# Lost MDNR Sportcard



## Chase1892 (Jun 5, 2004)

I've got a 15 year old son that wants to apply for a turkey license - he had a sportcard & turkey license last year (2005) but cannot find them

Does anyone know how to remedy a lost sportcard ?


----------



## flinch (Aug 10, 2003)

I am assuming you mean you need to replace a lost safety certificate, and the link is below. I think I would call to see how fast it could be mailed out since you are running out of time for a turkey license.

https://secure1.state.mi.us/dupcertrequest/


----------



## Quadd4 (Jan 15, 2005)

I believe that youths have to buy a new sportscard each year. The one for last year expires. Just go to the store with the hunters safety cert and buy a new one for a $1.00


----------



## JWICKLUND (Feb 13, 2005)

If it is a lost hunter safety certificate any CO can print a temporary card for you from their laptop. Once that is printed, a permanent replacement is automatically sent to your home address within 10 days.


----------



## Chase1892 (Jun 5, 2004)

Thanks for the reply's

I do have his hunter safety cert - I don't have the sportcard we purchased for a dollar last year -As I understand it, we need the sportcard number to apply

Don't know if we can just buy a new sportcard for a buck


----------



## Quadd4 (Jan 15, 2005)

Chase1892 said:


> Thanks for the reply's
> 
> Don't know if we can just buy a new sportcard for a buck


We did for the last few years (buy new ones). The store made us buy it saying the old one was no good for the current year.


----------



## flinch (Aug 10, 2003)

Sorry, misunderstood the question, but I don't have kids.


----------



## malainse (Sep 2, 2002)

Take him to the Secretary of State and get him a Michigan ID. Then never an issue and he will also have some form of valid ID.... There is no age limit to get the ID.. I had my brother go down and his 3 and 7 yr old have them...


----------



## NEMichsportsman (Jul 3, 2001)

All good suggestions....Sportscard at the store for a buck and you are on your way....I think you can even get it online for MDNR e-License! Even easier!


----------



## Chase1892 (Jun 5, 2004)

*Thanks again for all the responses - I just noticed the info below on the elicense website stating you don't have to buy one each year - only if your address changes.*

The website directs you to purchase a sportcard from menu but I have reviewed several times and do not see the option for a $1 sportcard

Looks like I'll have to go back to a license dealer and just buy a sportcard and enter the $4 drawing

*MDNR "Approved" IDs*

Which IDs are valid?What can this ID buy?MI Driver License
Valid un-expired Michigan Driver Licenses may be used to purchase any available item.
State of Michigan ID
Michigan IDs (Issued by the Secretary of State) may be used to purchase any available item.
*MDNR Sportcard*
*MDNR Sportcards may be used to purchase any available item. You do not need to buy a new sportcard each year. A new sportcard is only needed when your address is not current.*
MDNR ID
MDNR IDs may only be used to purchase ORV permits, snowmobile trail permits and annual state park permits.
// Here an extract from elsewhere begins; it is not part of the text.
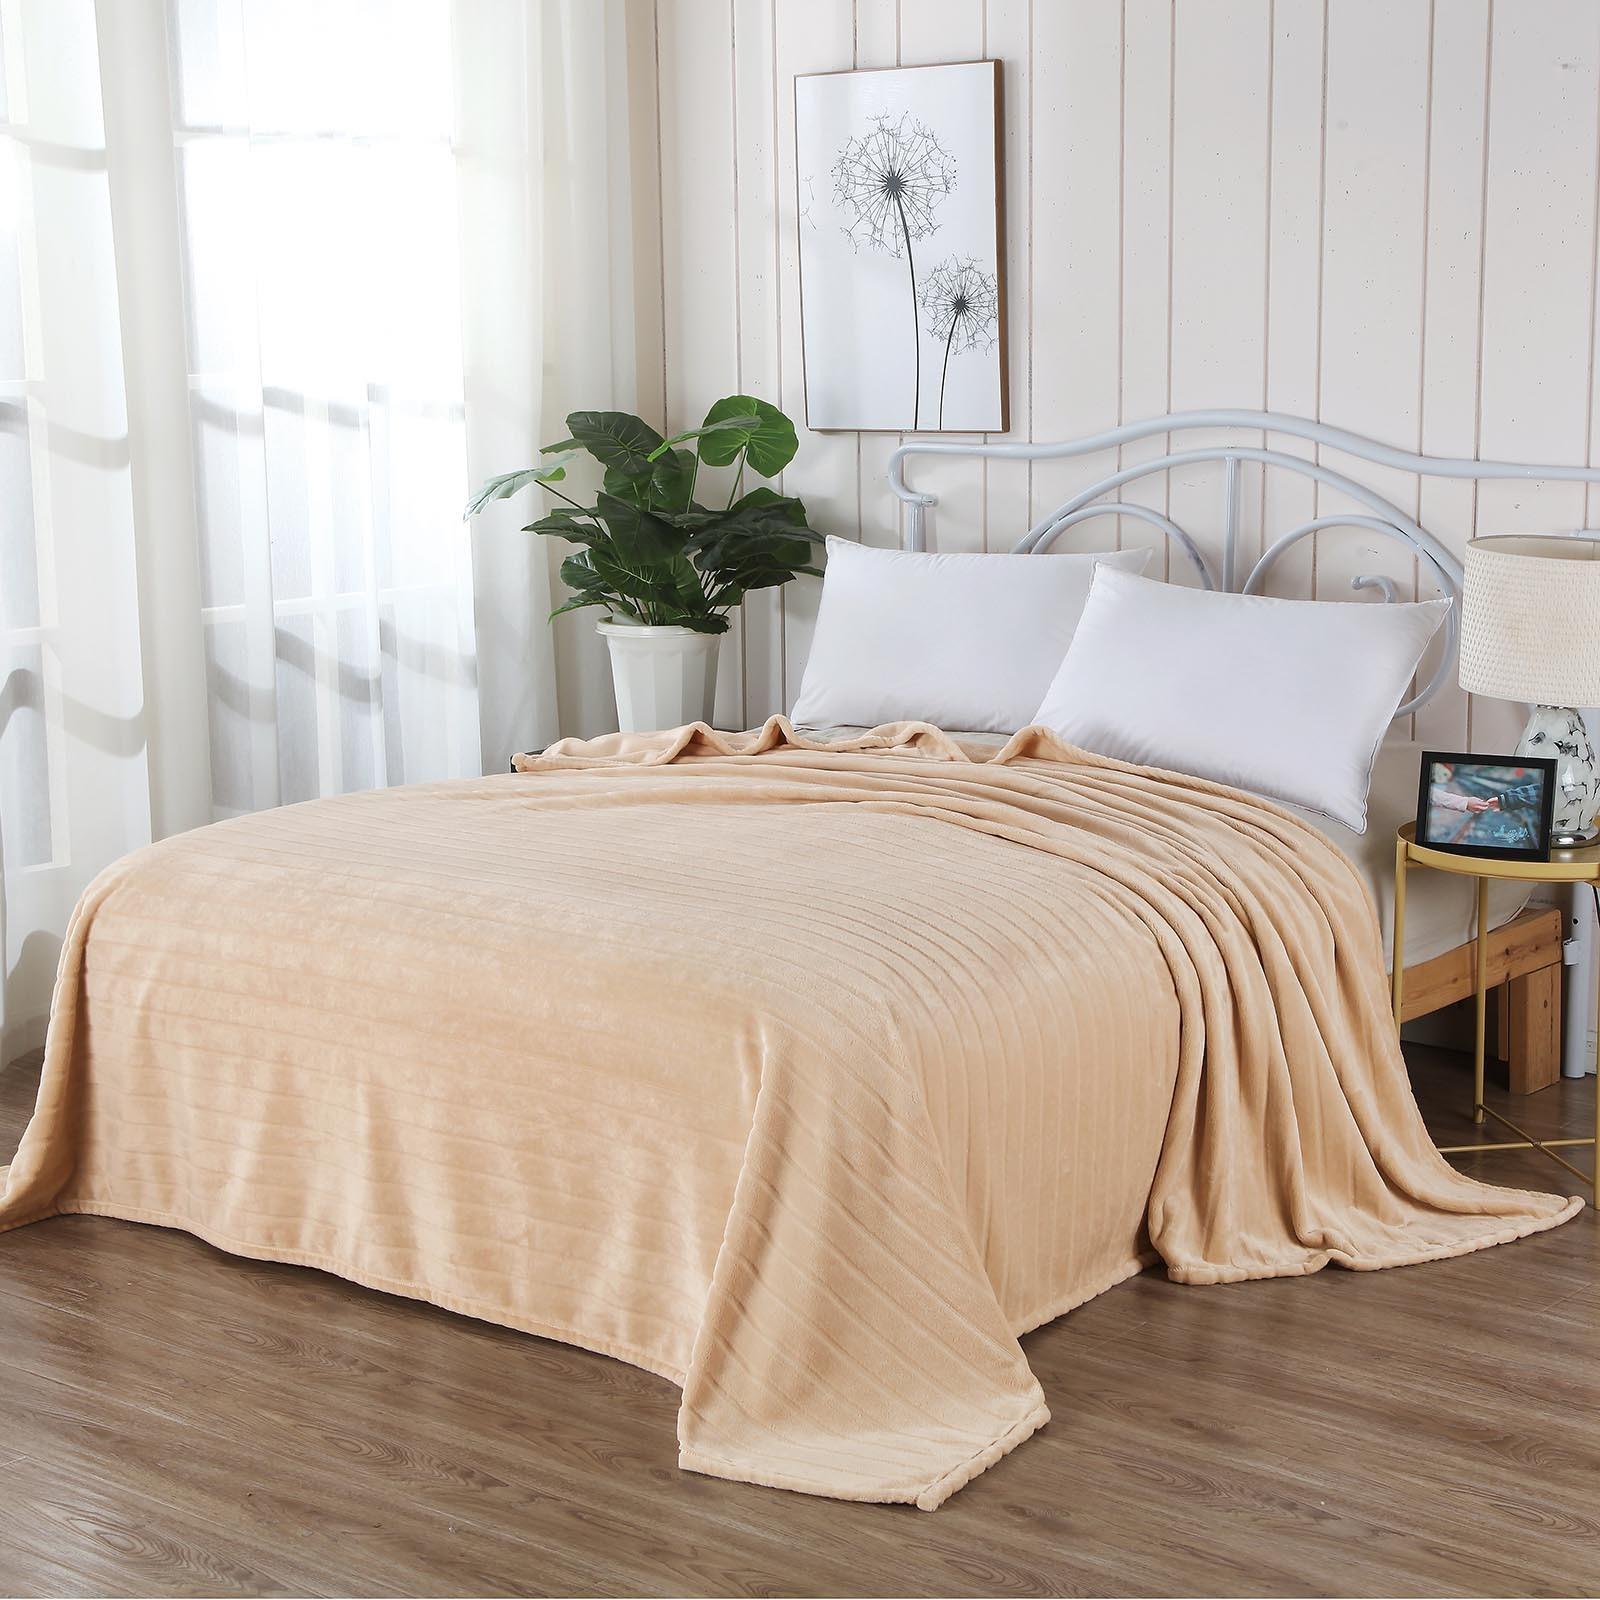 Плед Sofi de Marko Калипсо 1,5, светло-бежевыйПл-К01-160х220Роскошное покрывало, созданное со вкусом и элегантностью, позволяет сделать спальню самой интимной частью дома. Для того, чтобы спать по-королевски. Вы можете позволить себе изысканный текстиль Sofi De MarkO, созданный из благородных тканей в античном стиле, классицизме, ампир или рококо. Роскошные дизайны, стильная драпировка и торжественность - основные черты нашей продукции. С коллекцией покрывал Sofi De Marko Вы откроете неиссякаемый источник творчества для создания интерьера Вашей мечты!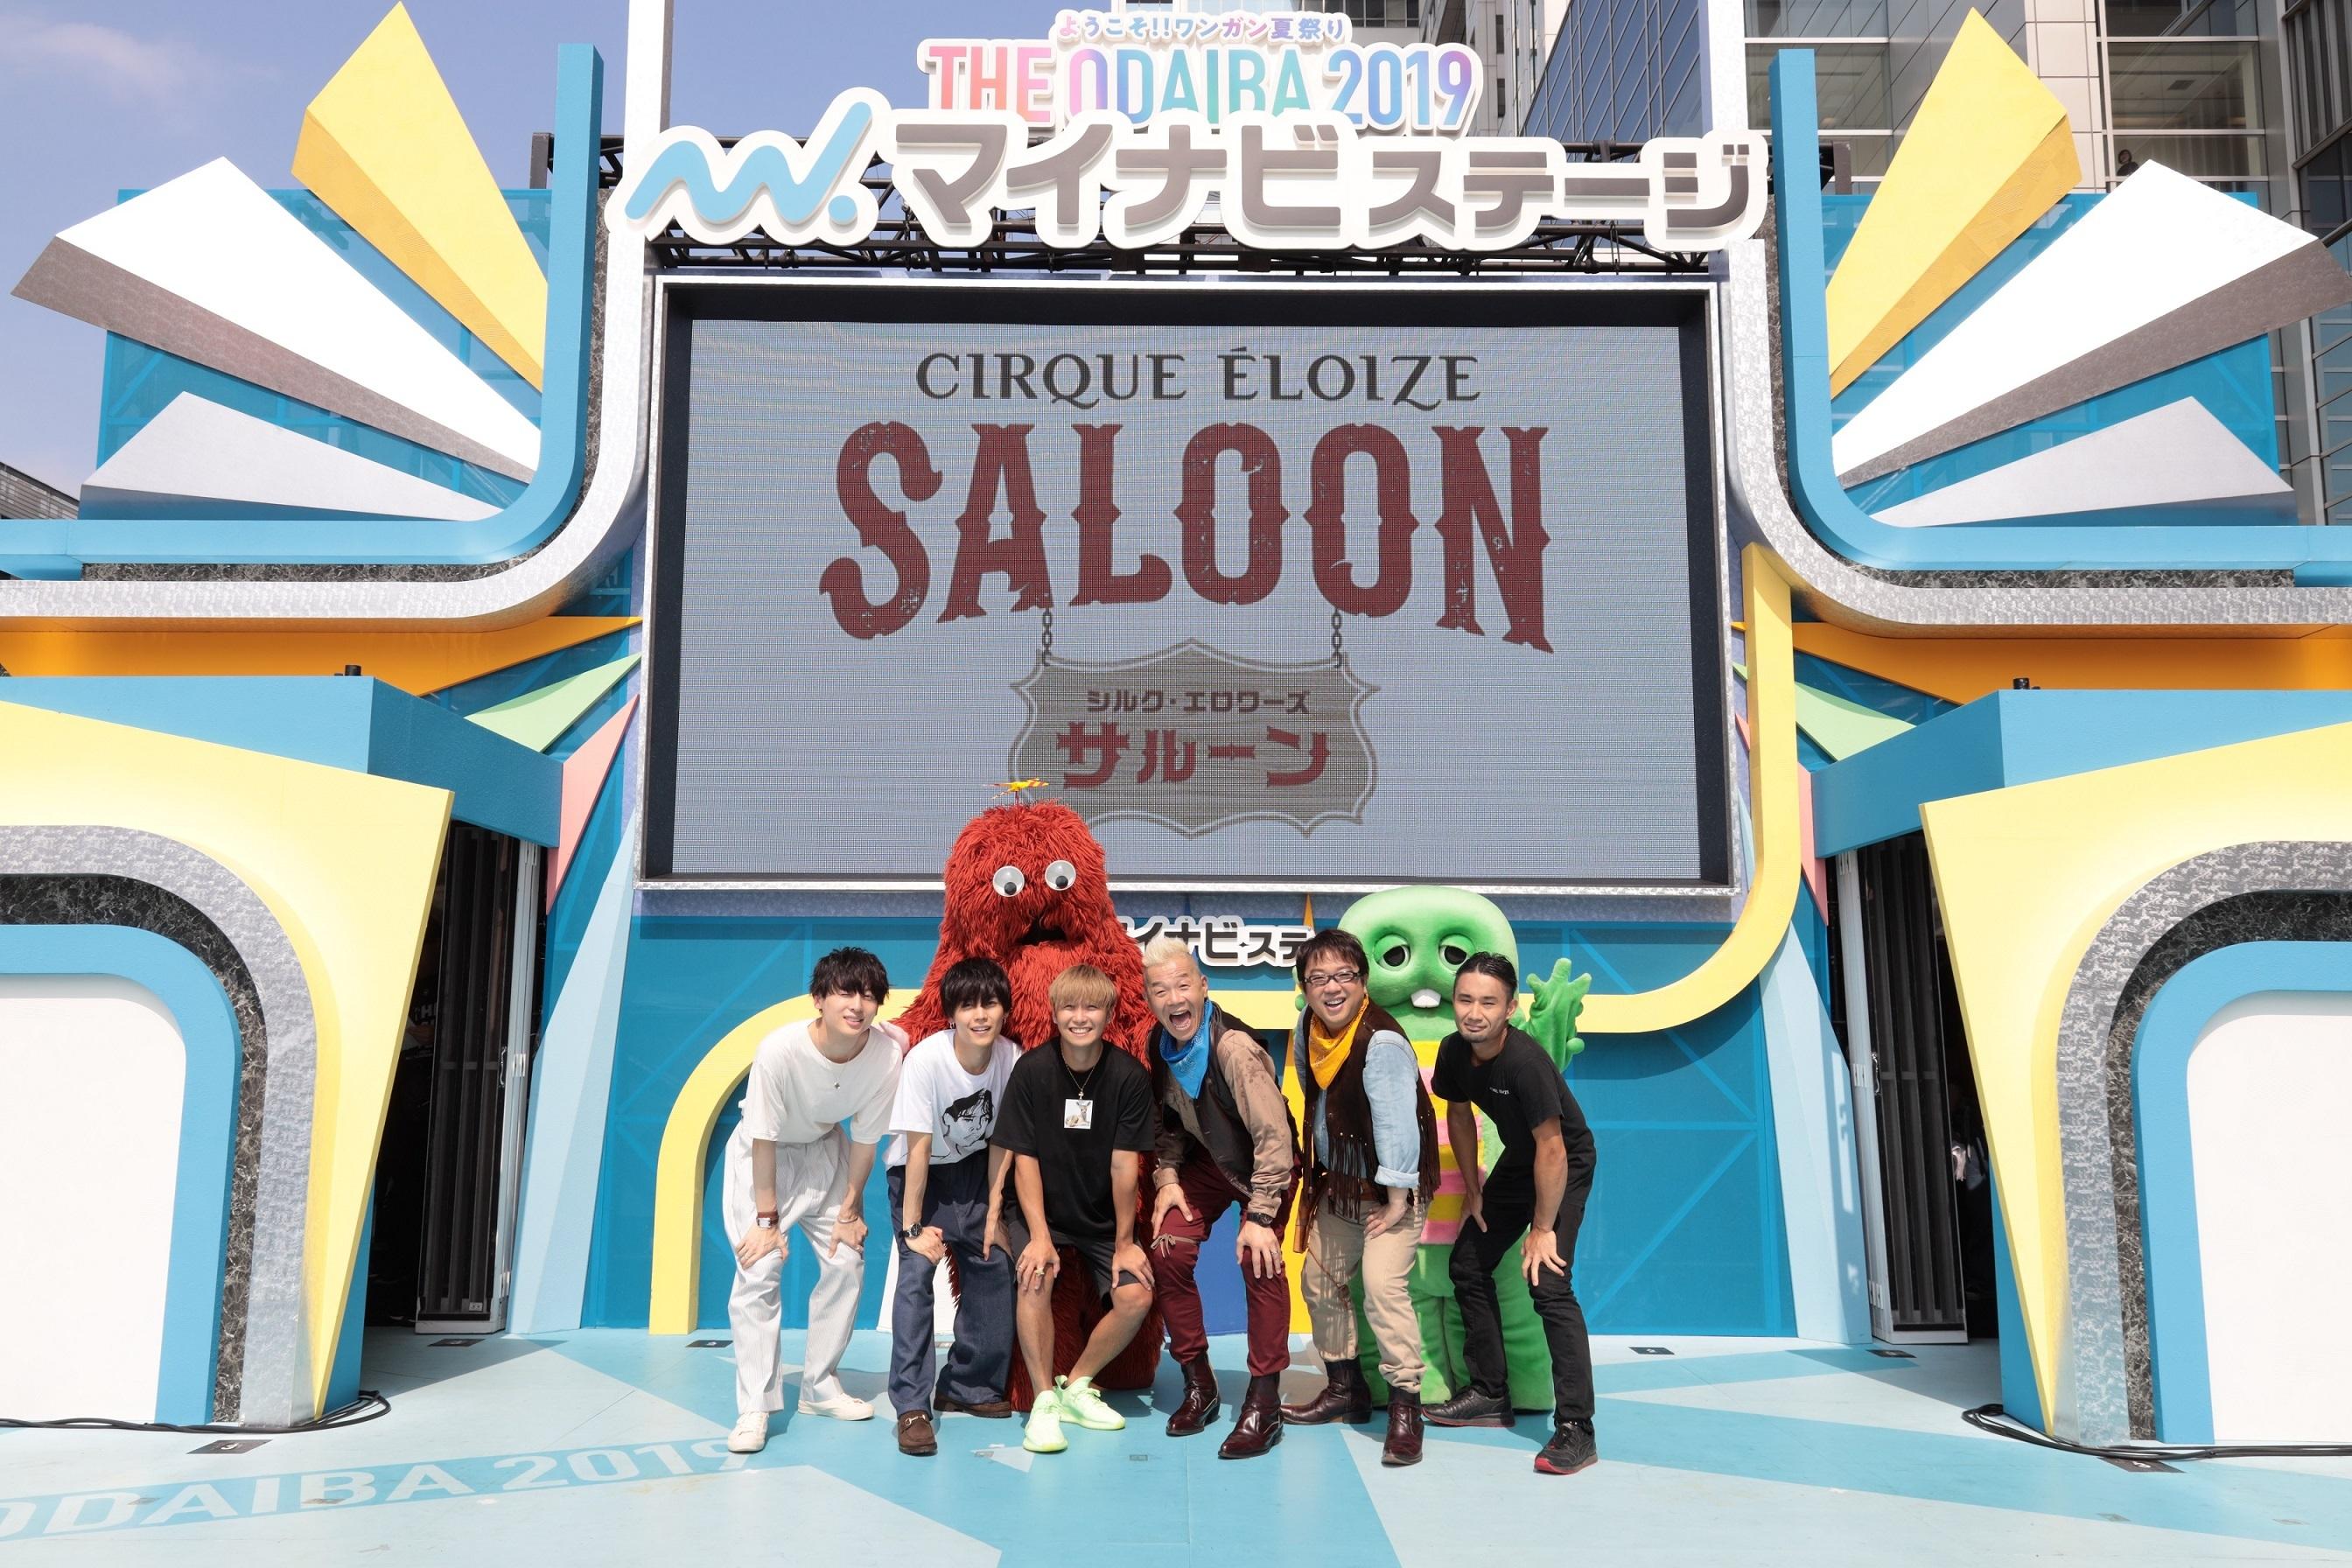 前列左から Da-iCE(⼯藤⼤輝、岩岡徹、⼤野雄⼤)、キャイ〜ン(天野ひろゆき・ウド鈴⽊)、Urawa Arata 後列左から ムック ガチャピン

Don't have the proper ID?MDNR Sportcard
You may purchase a MDNR Sportcard for $1.00 by clicking the appropriate button below. This ID may be purchased in conjunction with your order.
MDNR ID
You may obtain a MDNR ID at no cost to you by clicking the appropriate button below. This form of ID may only be used to purchase ORV permits, snowmobile trail permits and annual state park permits.


----------



## malainse (Sep 2, 2002)

Do just like you did before on e-license. On the right it will ask if you need a sports card ? Mark that and it will take you to the next page. Click on checkout and it should show it your basket...

I think I got that correct..


----------



## D Buck (Oct 22, 2004)

My boys lose theirs a lot. Its easier to get a new one than to call and get the numbers from lansing, I had a number of who to talk to there but lost it.We have been buying a new one.


----------